El mejor abogado del mundo no podría rebatir esa declaración.
– ¿Pero no estás seguro de que es mejor? -preguntó ella-. Estoy dispuesta a soportar otro beso si requieres más pruebas…
Sus labios volvieron a capturar los suyos, cortándole las palabras, los pensamientos, todo menos la embrujadora fricción de su lengua contra la de ella, el calor sedoso de su boca, la fragancia fresca de su piel llenando todos los espacios vacíos que le creaba en la cabeza, mientras bajaba las manos fuertes por la espalda para moldearla contra él. Cuando el poco control que había logrado retener se tornó casi inexistente, quebró el beso.

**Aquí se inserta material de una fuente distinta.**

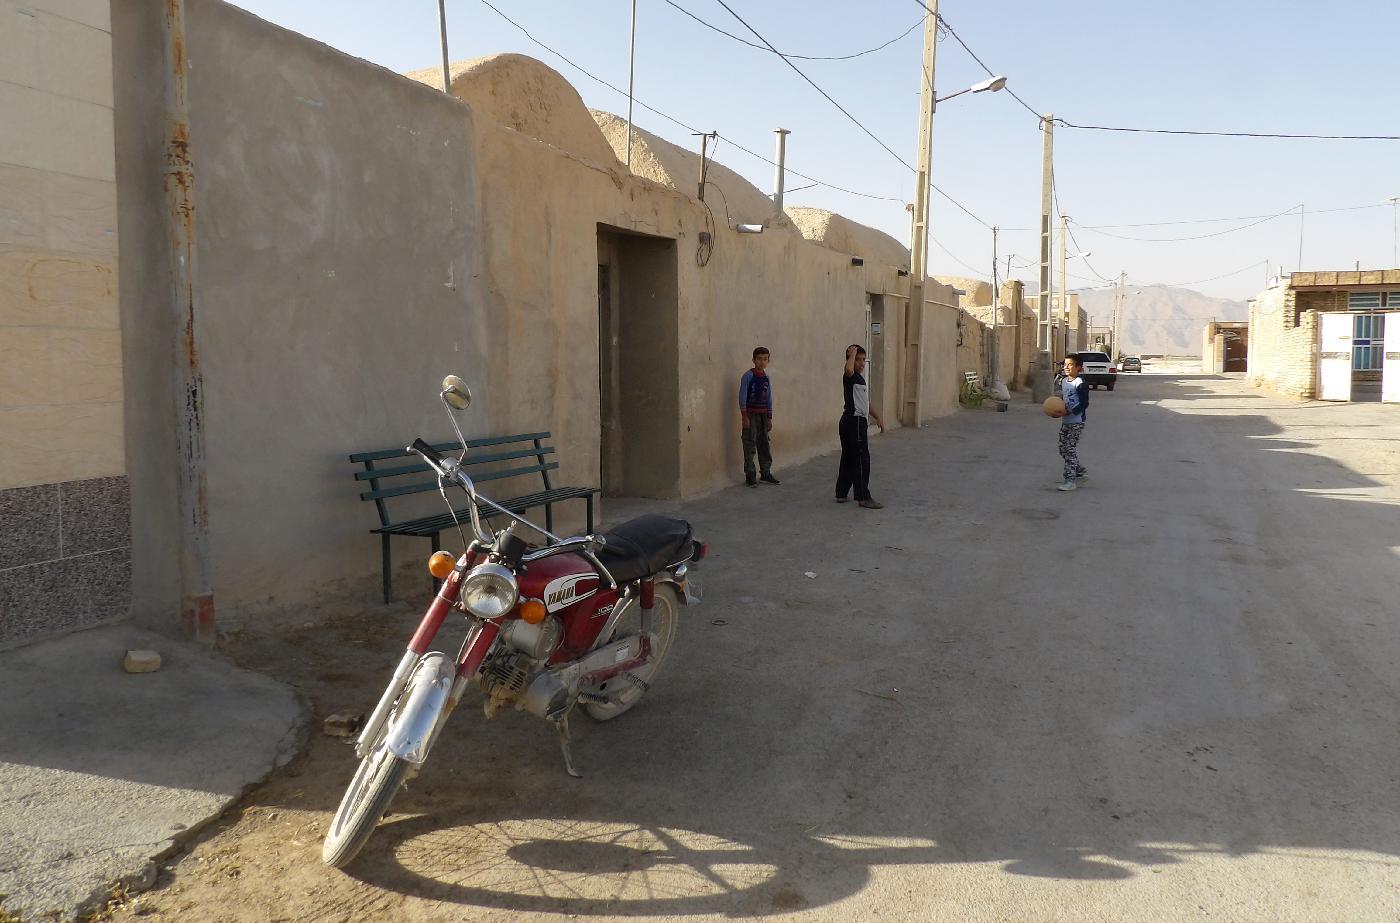 visite d'abarkuh en iran

– Surtes un efecto realmente perjudicial en mi autocontrol -jadeó Riley-, y no sé si me agrada.
– Lo mismo, digo.
– Como necesites alguna prueba más, te desnudaré aquí mismo para arrastrarte luego a mi madriguera para abusar de ti.
Él gimió y se inclinó para besar la unión sensible entre el cuello y el hombro.
– Y eso estaría mal… ¿por qué, exactamente?
El aliento cálido de Jackson le provocó un cosquilleo delicioso.
Probablemente, había un motivo, pero ya lo había olvidado. ¿Cómo se suponía que podía pensar en algo con sus labios asaltando su cuello, las manos coronándole los pechos y sus dedos sabios despertándole los pezones a través de la tela elástica del top? Ese hombre era un peligro. Un destructor de concentración de primera magnitud.
También ella se había preguntado si su imaginación había agigantado lo que habían compartido. ¿Tan bueno había sido? Sólo había una manera de averiguarlo…
Apoyó las manos contra su torso y se apartó de él con el fin de mantenerlo a raya. Después de respirar hondo, lo estudió.
– Ahora que lo mencionas, no se me ocurre ninguna razón para no aprovecharme de ti -adoptó su expresión más inocente-. Oh… a menos que prefieras ver la televisión. Probablemente den algún partido de tenis.
– Debes de estar bromeando.
– ¿Quieres cenar algo? Me queda pasta.
– Quizá luego.
– ¿Donuts?
– No; gracias.
– ¿Una copa?
– Me estás matando.
– Supongo que eso es un «no» a la copa.
– Sí. En cuanto a lo de desnudarme… -extendió los brazos-. Considérame a tu disposición.